Westminster, CO – Advanced Space LLC., a leading space tech solutions company, is pleased to announce that NASA has selected two of our new Phase I concepts under the Small Business Innovation Research (SBIR) program.
Flight Dynamics and Navigation Technologies
The first project, won under the Flight Dynamics and Navigation Technologies subtopic, will support NASA’s future efforts to design spacecraft trajectories for vehicles flying in cislunar space using low-thrust propulsion. The goal of NASA’s opportunity is to increase the autonomy of spacecraft heading for orbits at or near the Moon.
Under this subtopic, Advanced Space will develop a mission design and planning tool that uses operational algorithms to mitigate the impact of anomalies and missed-thrust events for low-thrust and dynamically sensitive missions. The tool will be used to generate a multitude of spacecraft trajectories simultaneously to determine the worst-case scenarios to account for margins in the mission design. The proposed solution will be especially useful to future crewed Artemis missions to reduce mission risk more comprehensively. The solution is named CALM or Contingency Analysis for Low-thrust Missions.
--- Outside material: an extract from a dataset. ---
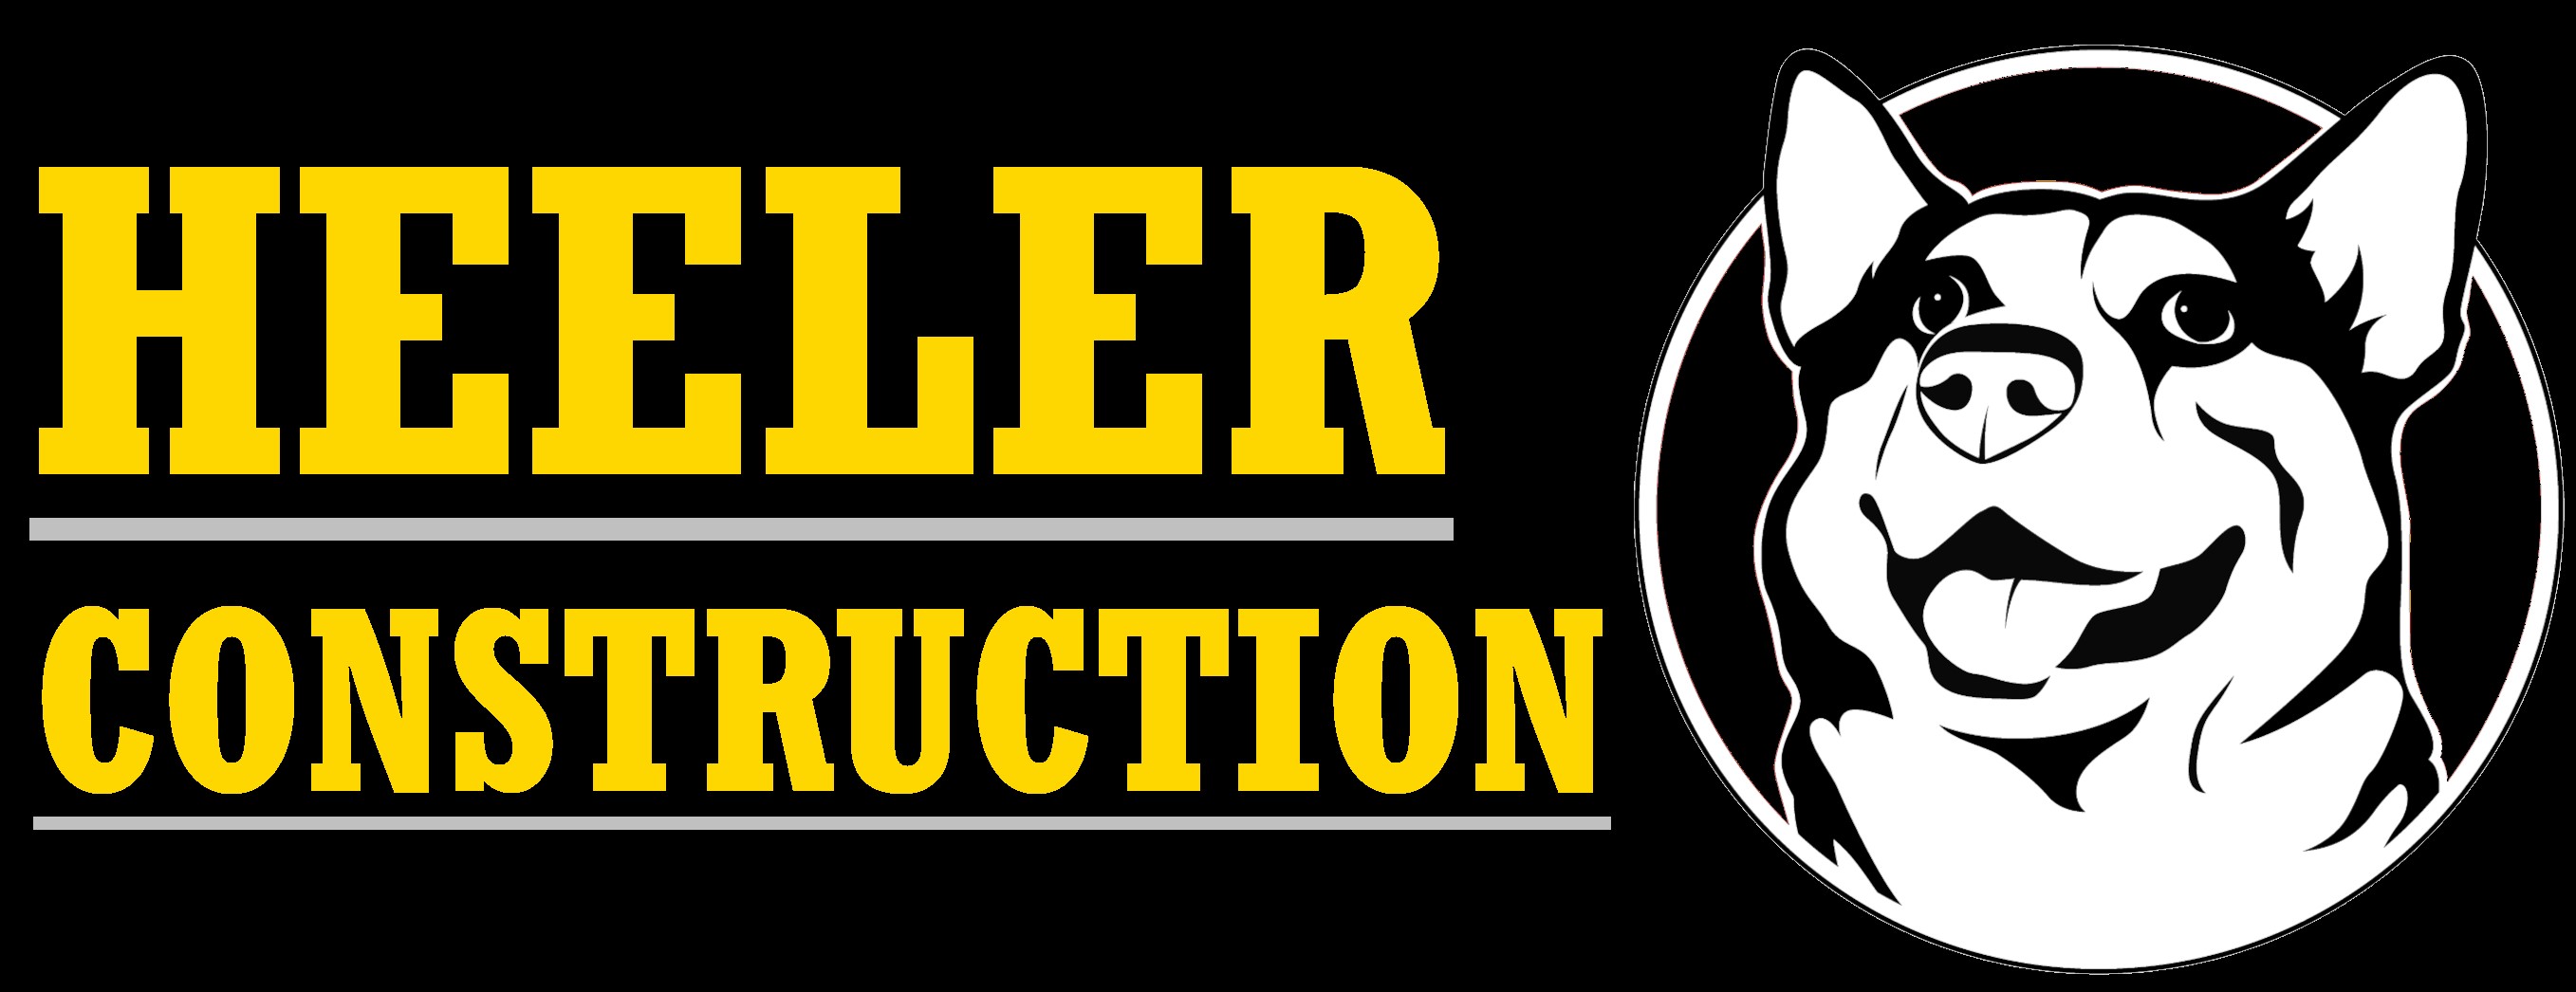 Heeler Construction Logo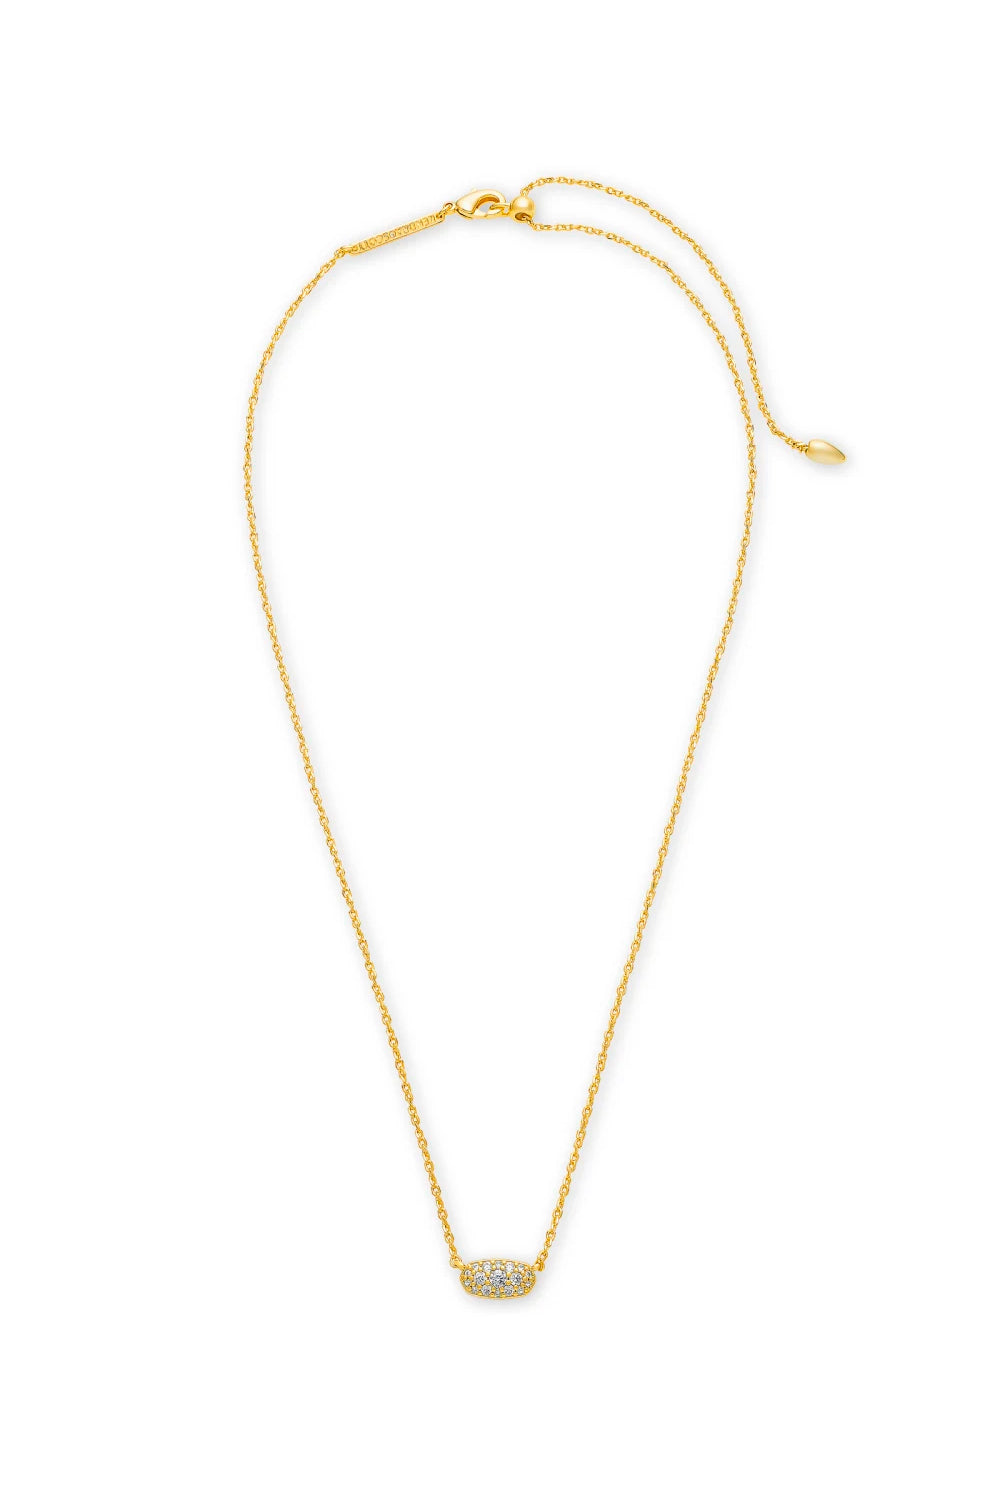 Kendra Scott: Grayson Gold Pendant Necklace - White Crystal | Makk Fashions

This effort builds on our experience developing low-thrust trajectories to near-rectilinear halo orbit, as demonstrated by the CAPSTONE™ program; our ongoing studies for developing ballistic lunar transfers for the Lunar Gateway program; and our efforts to apply neural networks to developing autonomous trajectory planning for spacecraft using electric propulsion.
“We’re excited to win another NASA award, and we look forward to supporting the agency on further efforts in the future. Being awarded these NASA SBIRs is tremendous,” said Advanced Space Proposal Manager Sean Hoenig. “Our ability to deliver innovation to orbit continues to be realized as we meet NASA’s needs by utilizing our unique expertise in astrodynamics.”
Space Debris Prevention for Space Spacecraft
Under the second project, Advanced Space will develop deorbit technologies compatible with small satellites, which will reduce the threat of orbital debris posed by large satellite constellations. Our solution, Satellite Collision and Risk Assessment using Machine learning (SCRAM), features a trade study of using Recurrent and Transformer Neural Networks (NNs) to develop autonomous risk analysis for spacecraft collision avoidance (COLA).
These new ML applications in astrodynamics predict future trends in collision risk early and validate collision avoidance maneuvers. By identifying conjunction events early and validating collision avoidance maneuvers autonomously, we would reduce the strain on COLA operators. SCRAM will be developed with the goal of being implemented into future space agency COLA ConOps such as the NASA Conjunction Assessment Risk Analysis (CARA) team. SCRAM could be applied to mega-constellations and private Space Domain Awareness (SDA) providers.
SCRAM will build upon and enhance our company’s efforts to apply machine learning to astrodynamics problems and to improve the ability of spacecraft to function in space with less need for input from Earth.
We are grateful for NASA’s investment and partnership in technology development. This proven model has allowed us to demonstrate novel approaches to challenges and to enable future space exploration and development, exclaimed Dr. Jeffrey Parker, Advanced Space Chief Technology Officer. “We look forward to the execution of these two projects. These will continue our efforts to develop technologies that enable future exploration, development, and settlement of space.”